Finally, it is important to diagnose limbal stem cell deficiency (LSCD) in patients who are candidates of corneal transplantation as this condition can result in ocular surface failure after the surgery.68 Limbal stem cell deficiency is characterized by a loss of limbal palisades of Vogt, a late fluorescein staining of the cornea, chronic inflammation, irregular epithelium, recurrent erosion, persistent epithelial defect, and conjunctivalization, The clinical diagnosis may be confirmed by impression cytology which shows the presence of goblet cells on the cornea.120

3) Age and Sex

An increased risk of rejection is seen when the transplantation is performed in a young host bed.106,131 This is due to a combination of a robust immune response and also due to difficulty in recognizing these episodes early due to inability to perform accurate examinations in this patient population in the office. Furthermore, it has been shown that corneal transplantation from a male donor to a female recipient is associated with a greater risk of rejection and graft failure compared with male to male matches.155 However, not such an increased risk has been noted for female to male matches.155

4. MANAGEMENT OF HIGH-RISK CORNEAL TRANSPLANTATION

The purpose of this review is to highlight several management strategies of HR corneal transplantation, mostly evaluating the pre-, intra-, and post-operative measures to reduce the risk of an allograft rejection. It should also be noted that in patients with HR cornea, an alternative approach consists of the use of keratoprosthesis which is beyond this review article.
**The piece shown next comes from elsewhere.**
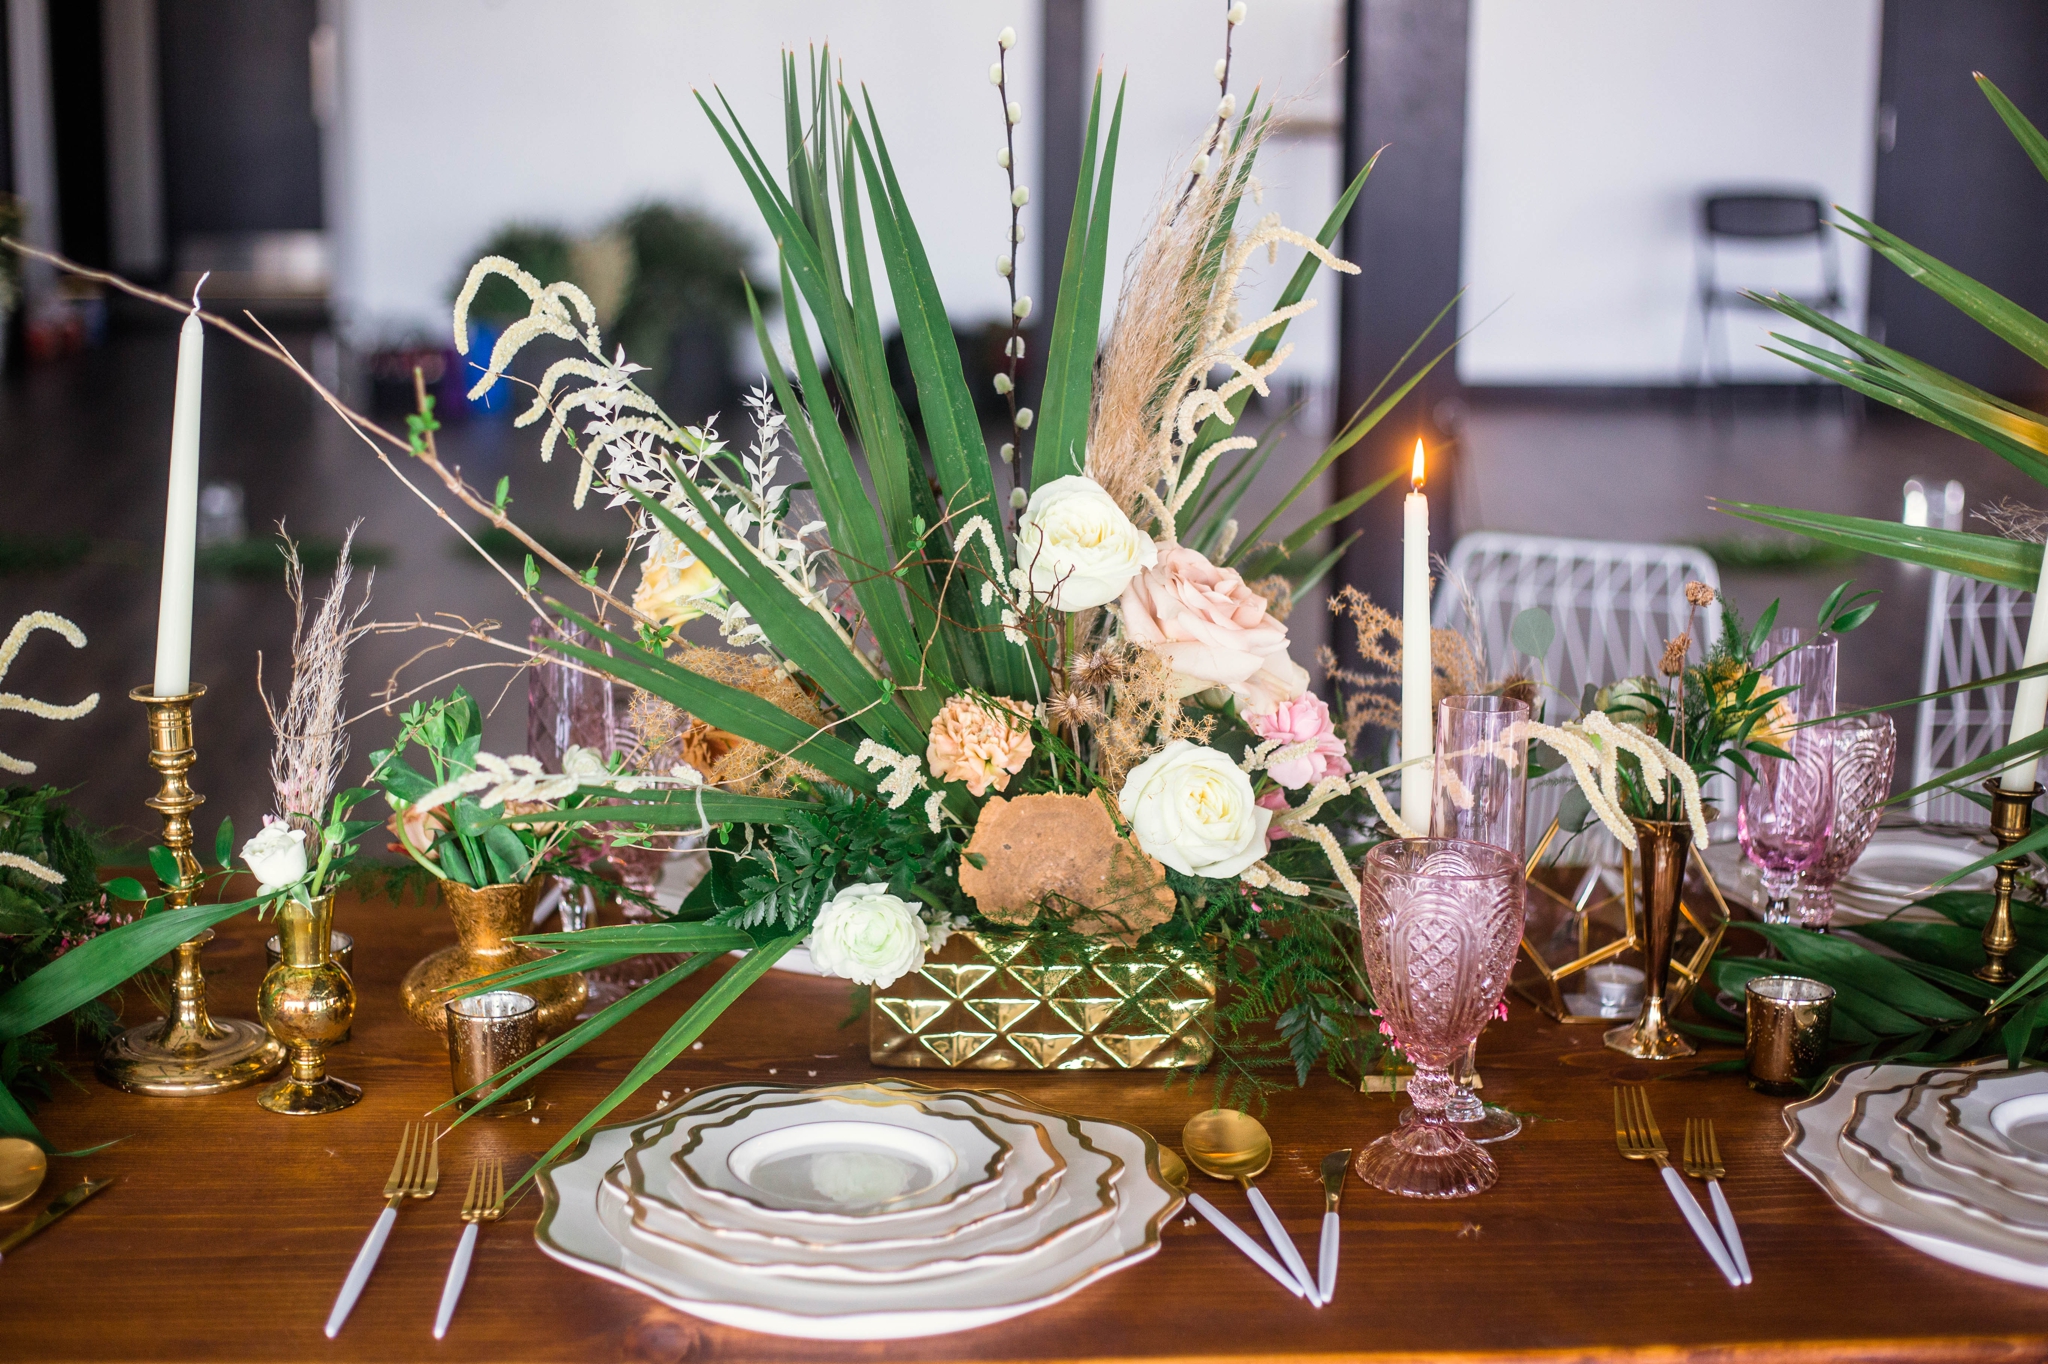  Wedding Table Setting with white and gold plates, pink glass wear, gold and white silverware - colorful flowers and tropical center piece - Destination Wedding Inspiration - Honolulu, Oahu, Hawaii Photographer

4.1. Preoperative Management

In HR corneal transplantation, preoperative measures are required to reduce the risk of rejection. An important practical approach consists of elimination or reduction of host corneal stromal neovascularization. Different modalities of treatment have been suggested for direct or indirect occlusion of corneal vessels, such as steroids,60 radiation,105 cystine,35 cryotherapy,60 sulfuric acid,91 dextran,91 conjunctival recession,60 and laser treatment. Among these, laser treatment, using 577 nm yellow dye laser has been shown to be an effective modality for corneal vessel occlusion.10,110 A long term efficacy is also achievable in fine needle diathermy before corneal grafting.48 To reduce corneal neovascularization, an alternative and innovative approach has recently been introduced which includes the use of agents against Vascular Endothelial Growth Factor (VEGF), as discussed in greater detail below.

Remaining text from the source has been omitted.